Novel Mutation and Structural RNA Analysis of the Noncoding RNase MRP Gene in Cartilage-Hair Hypoplasia

Imane Cherkaoui Jaouad a,b,*, Fatima Z Laarabi a,b, Siham Chafai Elalaoui a,b, Stanislas Lyonnet c,d, Alexandra Henrion-Caude d, Abdelaziz Sefiani a,b
PMCID: PMC4521058  PMID: 26279652

Abstract

Cartilage-hair hypoplasia (CHH) is an autosomal recessive disorder which is characterized by bone metaphysis anomalies with manifestations that include short stature, defective cellular immunity, and predisposition to several cancers. It is caused by mutations in RMRP, which is transcribed as an RNA component of the mitochondrial RNA-processing ribonuclease. We report the clinical and molecular data of a Moroccan patient with CHH. Sequencing of RMRP identified 2 mutations in the patient: the known mutation g.97G>A and the variation g.27G>C, which has not been reported previously. Given the high mutational heterogeneity, the high frequency of variations in the region, and the fact that RMRP is a non-coding gene, assigning the pathogenicity to RMRP mutations remains a difficult task. Therefore, we compared the characteristics of the primary and secondary structures of mutated RMRP sequences. The location of our mutations within the secondary structure of the RMRP molecule revealed that the novel g.27G>C mutation causes a disruption in the Watson-Crick base pairing, which results in an impairment of a highly conserved P3 domain. Our work prompts considering the consequences of novel RMRP nucleotide variations on conserved RNA structures to gain insights into the pathogenicity of mutations.

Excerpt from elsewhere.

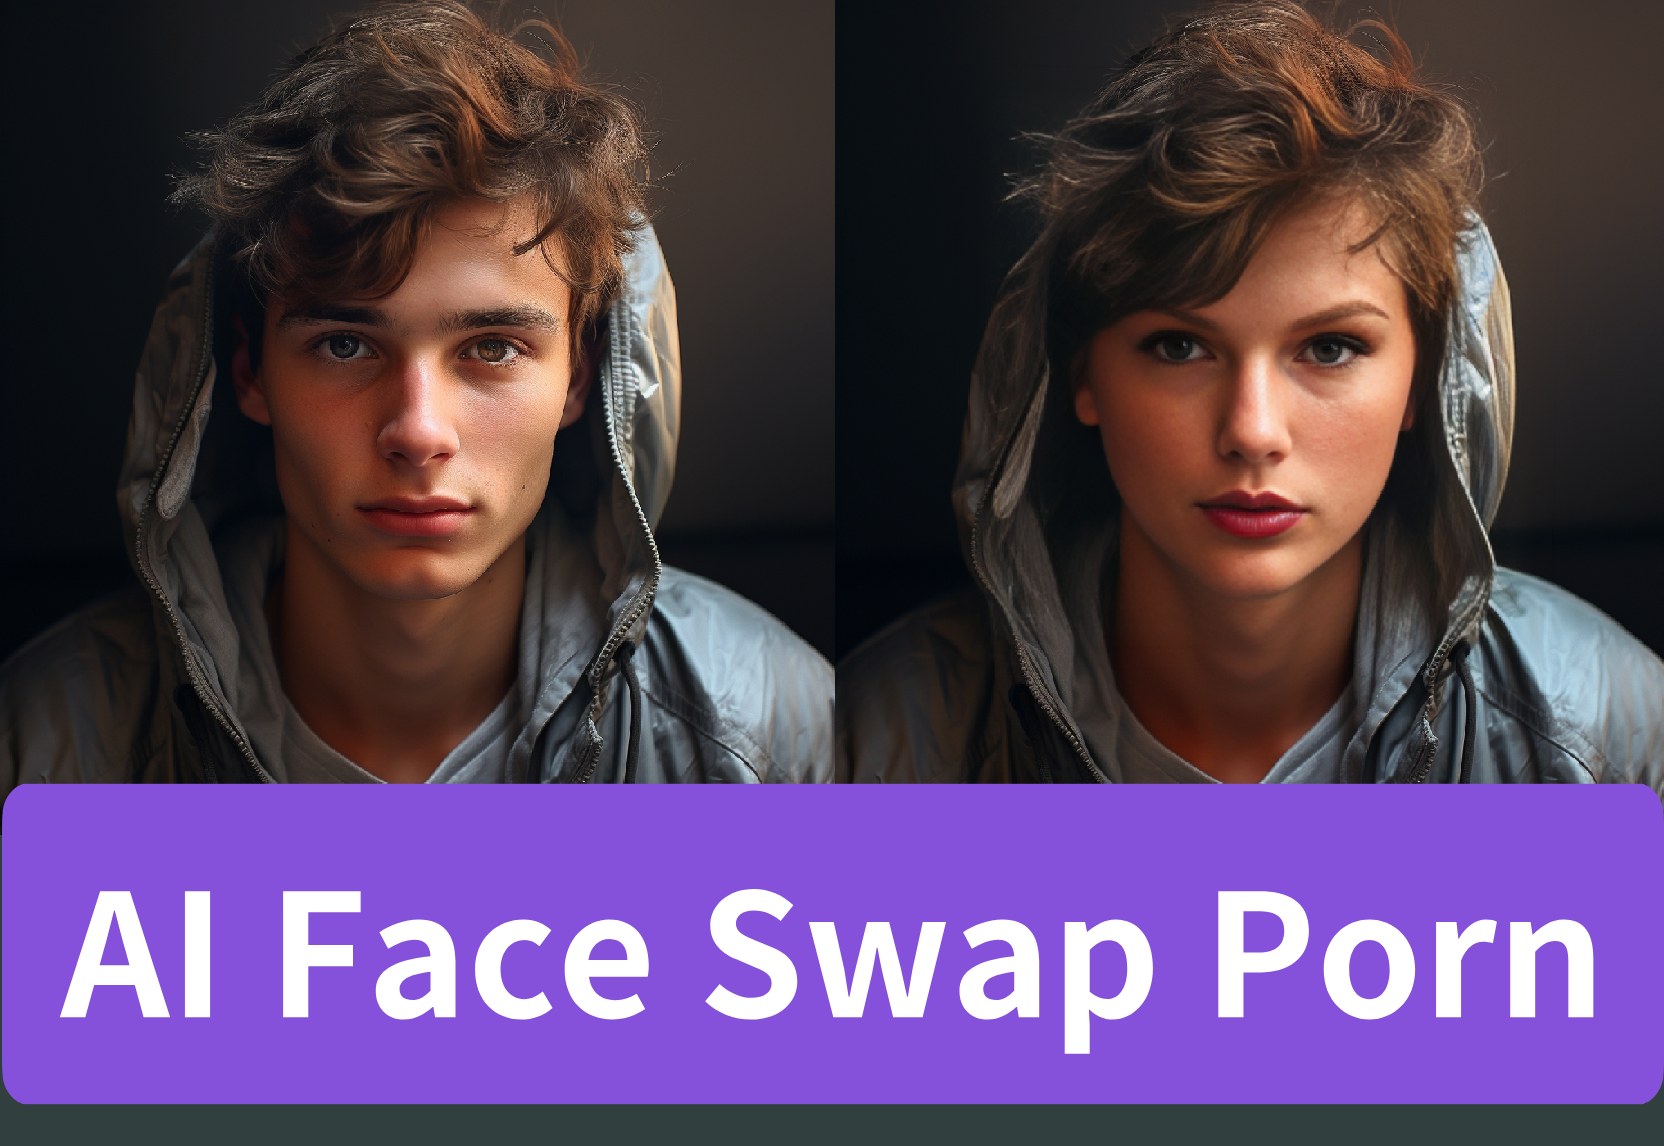 AI Face Swap Tool: The Ultimate Guide to Adult Content

Key Words: Cartilage-hair hypoplasia, Mutational analysis, RNA folding , RNase P/MRP

Cartilage-hair hypoplasia (CHH; MIM#250250) is a form of short-limbed dwarfism due to skeletal dysplasia. It was first recognized in the Old Order Amish in the USA, a religious isolate, where the carrier frequency was 1/19 [McKusick, 1964; McKusick et al., 1965]. Later, it has been reported in other populations; however, there is no precise measure of its incidence worldwide.

CHH is an autosomal recessive disorder characterized by skeletal involvement, short stature, variable features like blond fine sparse hair, and defective cellular immunity affecting T-cell-mediated responses [Makitie et al., 1995]. Patients may have a severe combined immunodeficiency requiring bone marrow transplantation or they may be asymptomatic [Castigli et al., 1995; Makitie et al., 1998]. CHH is caused by mutations in the RMRP gene (RNA component of mitochondrial RNA-processing endoribonuclease; MIM#157660) [Ridanpää et al., 2001], an untranslated gene with only 267 nucleotides that encode an RNA subunit of an RNase-MRP complex which is involved in multiple cellular and mitochondrial functions [Martin and Li, 2007]. RNase MRP RNA is the first nuclear-encoded RNA in which mutations have been found to lead to human diseases.

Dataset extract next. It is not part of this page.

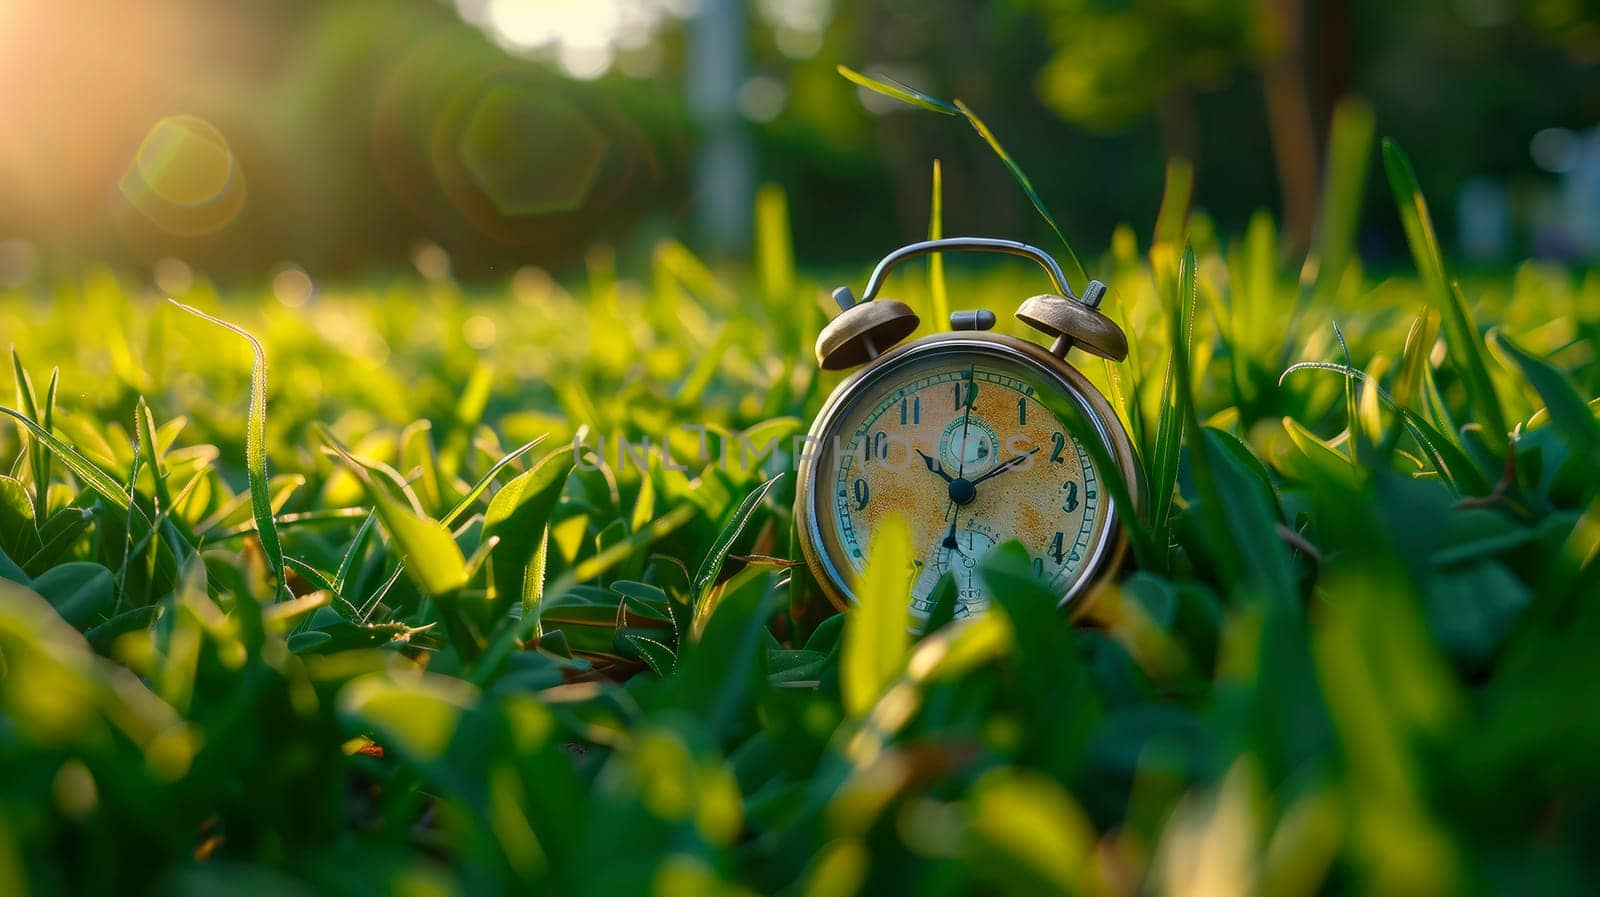 alarm clock on the grass in the park. selective focus. nature.

More than 66 mutations in families with CHH have been reported in a variety of ethnic groups, mainly Europeans [Bonafé et al., 2002; Nakashima et al., 2003; Thiel et al., 2005; Thiel and Rauch, 2011]. Up to now, no RMRP mutations have been reported in the Moroccan population. RMRP is characterized by a very high density of SNPs and several pathogenic variants. Subsequently, molecular diagnosis remains problematic.

Here, we studied RMRP variations in a patient with CHH and identified 1 novel mutation. Based on a previous extensive conservation study in eukaryotes [Li et al., 2002], we report the structural analysis of the identified mutations as a mean to assign their potential pathogenicity.

Case Report

A 6-year-old Moroccan girl was referred to our department for karyotyping to evaluate her statural delay. She was the third of 3 children, and although here parents originated from the same region, they were not consanguineous. There was no family history of CHH or immunodeficiency, and neonatal measurements were normal. The pregnancy was not medically followed, but it was reported without complications. At birth, the girl weighed 2,800 g and had a length of 52 cm and a head circumference of 36 cm. Her postnatal growth was slow. Clinical examination at the age of 6 years showed a delay in growth development with a weight of 15 kg (-3 SD), height of 93 cm (-4 SD), and a head circumference of 52 cm (mean). The child had very fine and sparse hair, and the lower limbs appeared disproportionately shorter than the upper limbs. Her hands were short and broad, and her cognitive development was normal.

Growth hormone deficiency and other endocrinopathies were eliminated. Repeated failure to trigger cell division in response to treating her lymphoblasts with phytohaemagglutinin for chromosomal analysis induced an immune work-up which revealed marked lymphopenia and hypogammaglobulinemia. Immunological evaluation of the patient showed a deficit of cellular immunity in T8 cells with a value of 0.24 × 103/µl (normal range: 0.37-1.1 × 103/µl) as well as hypogammaglobulinemia with an IgA and IgM deficit and a normal IgG value.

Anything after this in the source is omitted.